Filed by a Party other than the Registrant     

Check the appropriate box:

Preliminary Proxy Statement
Confidential, For Use of the Commission Only (as permitted by Rule 14a-6(e)(2))
Definitive Proxy Statement
Definitive Additional Materials
Soliciting Material Pursuant to §240.14a-12

 

CATALYST BIOSCIENCES, INC.

(Name of Registrant as Specified in Its Charter)

 

JDS1, LLC
CCUR HOLDINGS, INC.
CIDM II, LLC
JULIAN D. SINGER
DAVID S. OROS
SHELLY C. LOMBARD
MATTHEW STECKER
IGOR VOLSHTEYN

(Name of Person(s) Filing Proxy Statement, if Other Than the Registrant)

 

Payment of Filing Fee (Check the appropriate box):

 

No fee required

 

Fee paid previously with preliminary materials

 

Fee computed on table in exhibit required by Item 25(b) per Exchange Act Rules 14a6(i)(1) and 0-11

 

 

 

 

This Schedule 14A is being filed by JDS1, LLC, a Delaware limited liability company (“JDS1”), CCUR Holdings, Inc., a Delaware corporation (“CCUR”), CIDM II, LLC, a Delaware limited liability company (“CIDM II”), Julian D. Singer, David S. Oros, Shelly C. Lombard, Matthew Stecker, and Igor Volshteyn (collectively, the “JDS1 Group”). On July 19, 2022, the JDS1 Group made a definitive filing with the Securities and Exchange Commission (the “SEC”) of a proxy statement and accompanying GOLD proxy card to be used to solicit votes for the election of the JDS1 Group’s slate of three highly qualified director nominees to the Board of Directors of Catalyst Biosciences, Inc., a Delaware corporation (“Catalyst”), at Catalyst’s upcoming 2022 annual meeting of stockholders, scheduled to be held in person on August 15, 2022, and any other meeting of stockholders held in lieu thereof, and any adjournments, postponements, reschedulings, or continuations thereof (the “2022 Annual Meeting”).

Presentation to Investors First Used on July 28, 2022

On July 28, 2022, the JDS1 Group issued an investor presentation, a copy of which is attached hereto as Exhibit 1, in connection with its solicitation of votes on GOLD proxy cards for the 2022 Annual Meeting.

Additional Information and Where to Find It

On July 19, 2022, the JDS1 Group filed a definitive proxy statement and an accompanying GOLD proxy card with the SEC in connection with its solicitation of proxies for Catalyst Biosciences, Inc.’s 2022 Annual Meeting of Stockholders.

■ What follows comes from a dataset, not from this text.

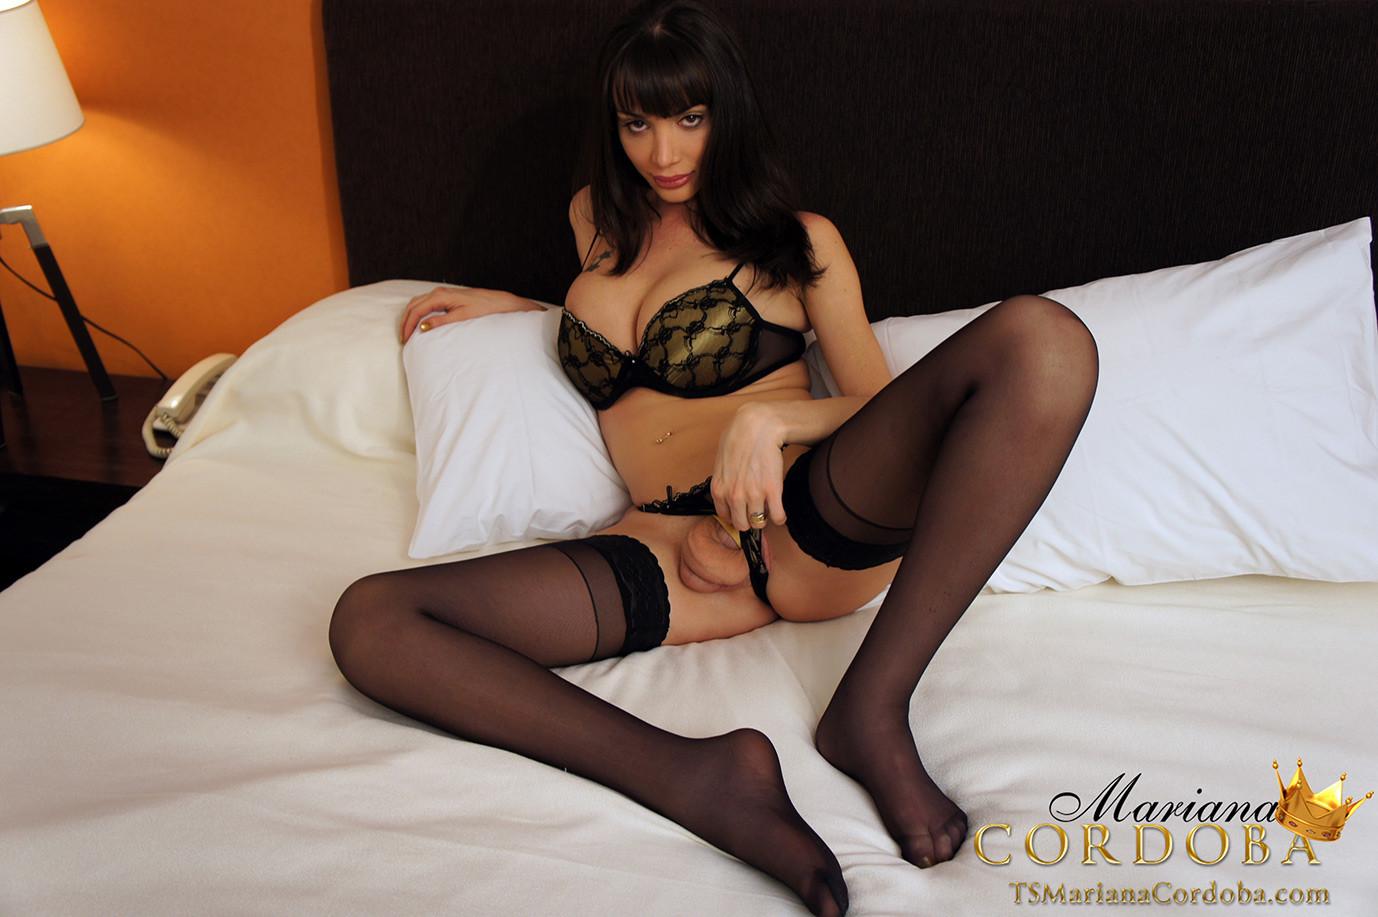 Mariana Cordoba - Транссексуал - Галерея № 3314788

BEFORE MAKING ANY VOTING DECISION, INVESTORS AND STOCKHOLDERS ARE STRONGLY ENCOURAGED TO READ THE JDS1 GROUP’S PROXY STATEMENT, THE ACCOMPANYING GOLD PROXY CARD, AND ANY AMENDMENTS AND SUPPLEMENTS THERETO, AND OTHER DOCUMENTS FILED BY THE JDS1 GROUP WITH THE SEC CAREFULLY AND IN THEIR ENTIRETY WHEN THEY BECOME AVAILABLE AS THEY WILL CONTAIN IMPORTANT INFORMATION. Information regarding the identity of participants, and their direct or indirect interests, by security holdings or otherwise, is set forth in the JDS1 Group’s Proxy Statement, including the schedules thereto. Stockholders can obtain the JDS1 Group’s Proxy Statement, any amendments or supplements to the JDS1 Group’s Proxy Statement and other documents filed by the JDS1 Group with the SEC for no charge at the SEC’s website at www.sec.gov. Copies will also be available at no charge at the following website: http://www.myproxyonline.com/jds1. Investors can also contact the JDS1 Group’s proxy solicitor, Kingsdale Advisors, toll free at 1-888-302-5677.

 

Exhibit 1 

 

JDS1, LLC’s

CASE FOR MEANINGFUL CHANGE

at

CATALYST BIOSCIENCES, INC.

(NASDAQ: CBIO)

 

July 28, 2022

 

 

 

DISCLAIMER

This presentation is for discussion and general informational purposes only. It does not have regard to the specific investment objective, financial situation, suitability, or needs of any specific person who may review this presentation and should not be taken as advice as to the merits of any investment decision.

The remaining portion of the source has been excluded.